Treatment of some forms of hypoglycemia, such as in diabetes, involves immediately raising the blood sugar to normal through the ingestion of carbohydrates, determining the cause, and taking measures to hopefully prevent future episodes. However, this treatment is not optimal in other forms such as reactive hypoglycemia, where rapid carbohydrate ingestion may lead to a further hypoglycemic episode.
Blood glucose can be raised to normal within minutes by taking (or receiving) 10–20 grams of carbohydrate. It can be taken as food or drink if the person is conscious and able to swallow. This amount of carbohydrate is contained in about 3–4 ounces (100–120 ml) of orange, apple, or grape juice although fruit juices contain a higher proportion of fructose which is more slowly metabolized than pure dextrose, alternatively, about 4–5 ounces (120–150 ml) of regular (non-diet) soda may also work, as will about one slice of bread, about 4 crackers, or about 1 serving of most starchy foods. Starch is quickly digested to glucose (unless the person is taking acarbose), but adding fat or protein retards digestion. Symptoms should begin to improve within 5 minutes, though full recovery may take 10–20 minutes. Overfeeding does not speed recovery and if the person has diabetes will simply produce hyperglycemia afterwards. A mnemonic used by the American Diabetes Association and others is the "rule of 15" – consuming 15 grams of carbohydrate followed by a 15-minute wait, repeated if glucose remains low (variable by individual, sometimes 70 mg/dl).
If a person is suffering such severe effects of hypoglycemia that they cannot (due to combativeness) or should not (due to seizures or unconsciousness) be given anything by mouth, medical personnel such as paramedics, or in-hospital personnel can establish IV access and give intravenous dextrose, concentrations varying depending on age (infants are given 2 ml/kg dextrose 10%, children are given dextrose 25%, and adults are given dextrose 50%). Care must be taken in giving these solutions because they can cause skin necrosis if the IV is infiltrated, sclerosis of veins, and many other fluid and electrolyte disturbances if administered incorrectly. If IV access cannot be established, the patient can be given 1 to 2 milligrams of glucagon in an intramuscular injection. More treatment information can be found in the article diabetic hypoglycemia. If a person is suffering less severe effects, and is conscious with the ability to swallow, medical personal such as EMT-B's may administer gelatinous oral glucose.
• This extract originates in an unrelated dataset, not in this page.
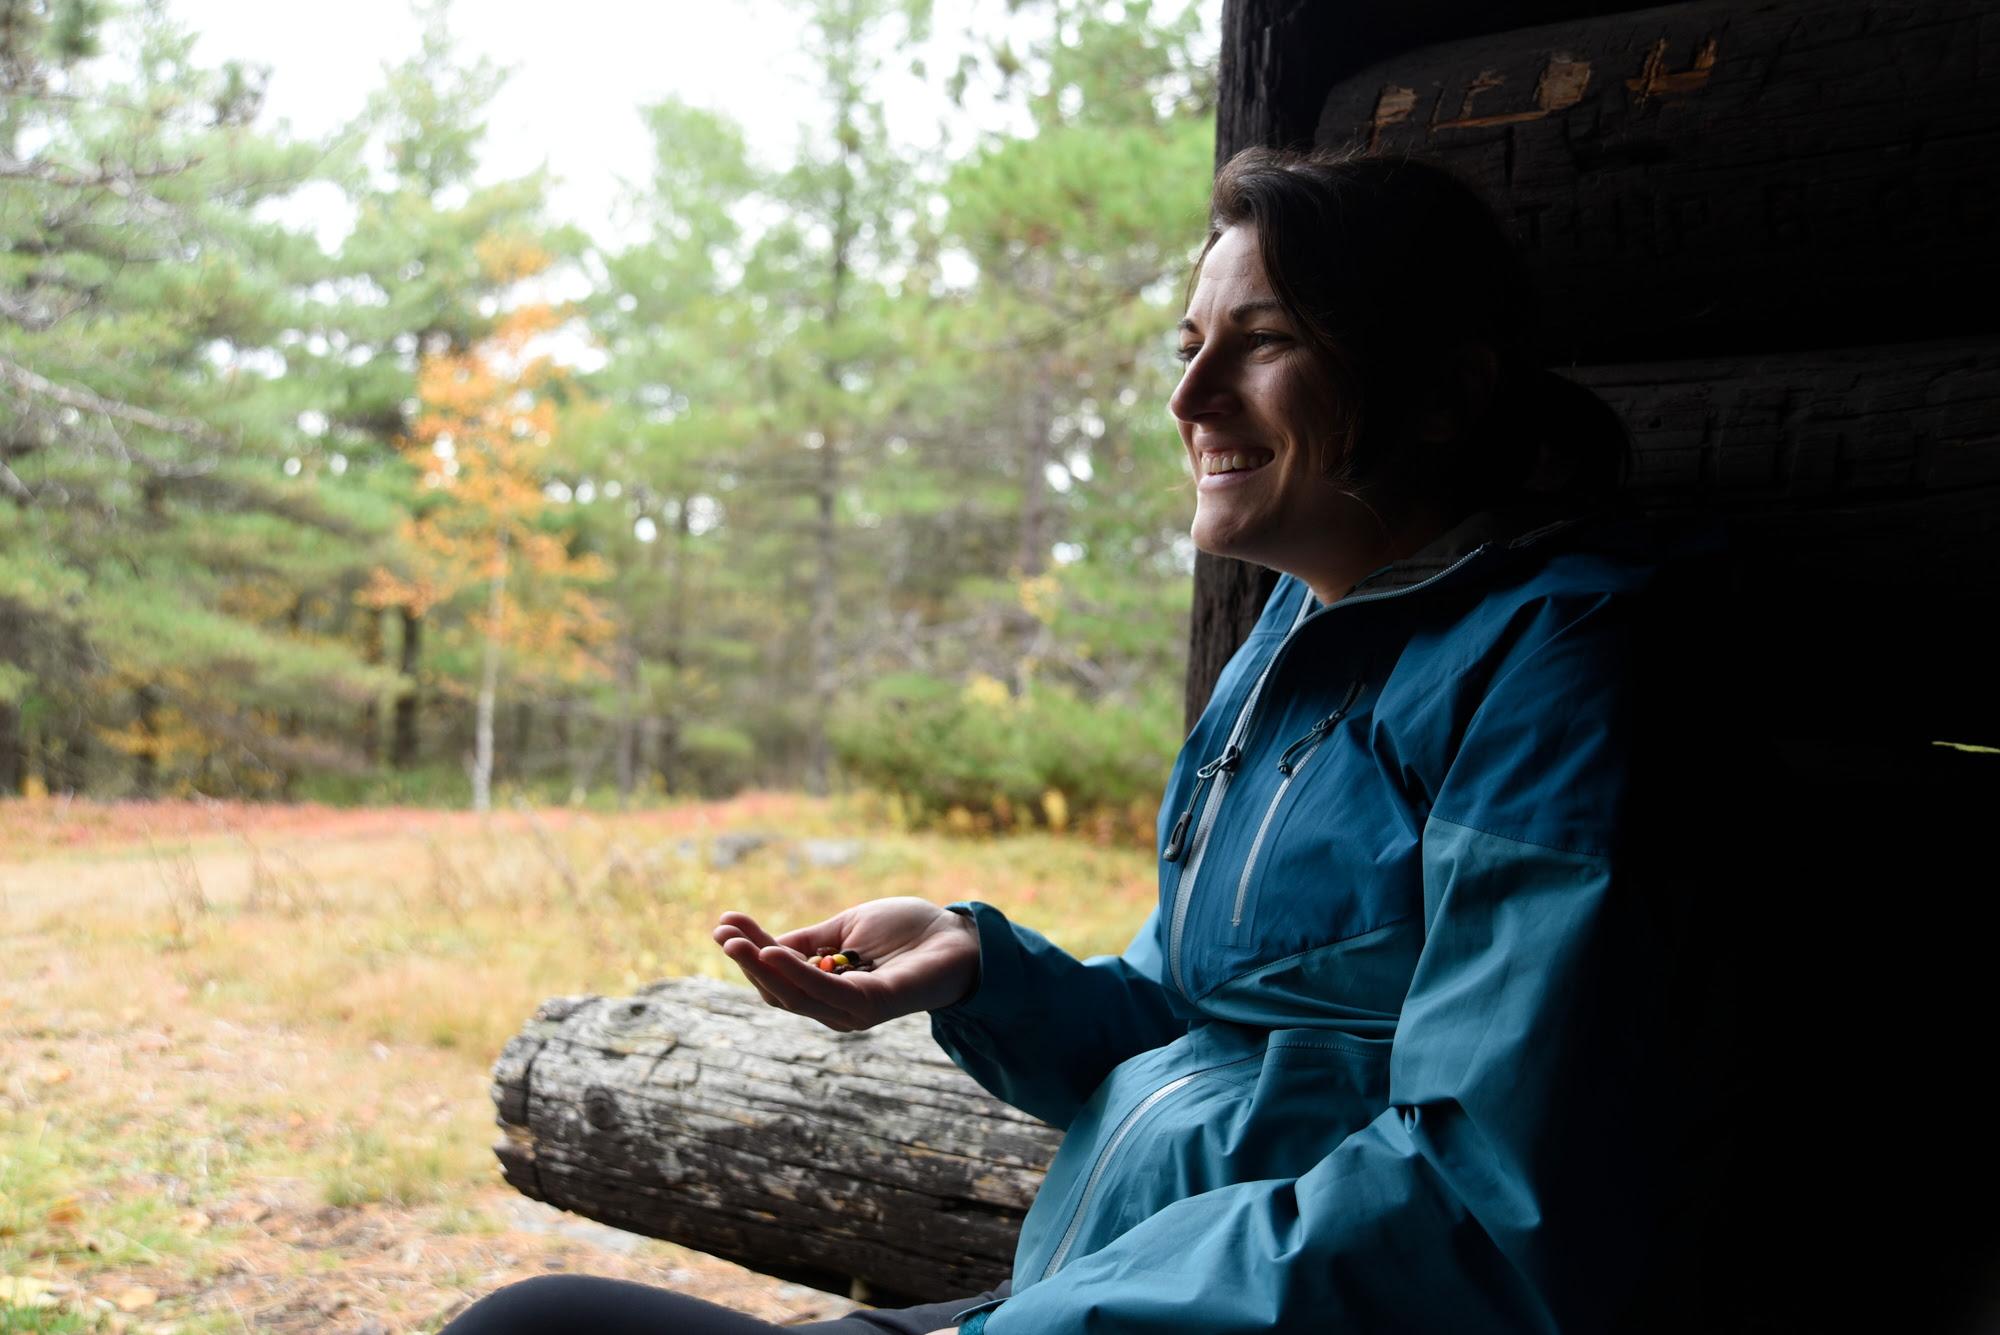 Hiker Eating Snack in Lean-to

One situation where starch may be less effective than glucose or sucrose is when a person is taking acarbose. Since acarbose and other alpha-glucosidase inhibitors prevents starch and other sugars from being broken down into monosaccharides that can be absorbed by the body, patients taking these medications should consume monosaccharide-containing foods such as glucose tablets, honey, or juice to reverse hypoglycemia.
The most effective means of preventing further episodes of hypoglycemia depends on the cause.
The risk of further episodes of diabetic hypoglycemia can often (but not always) be reduced by lowering the dose of insulin or other medications, or by more meticulous attention to blood sugar balance during unusual hours, higher levels of exercise, or decreasing alcohol intake.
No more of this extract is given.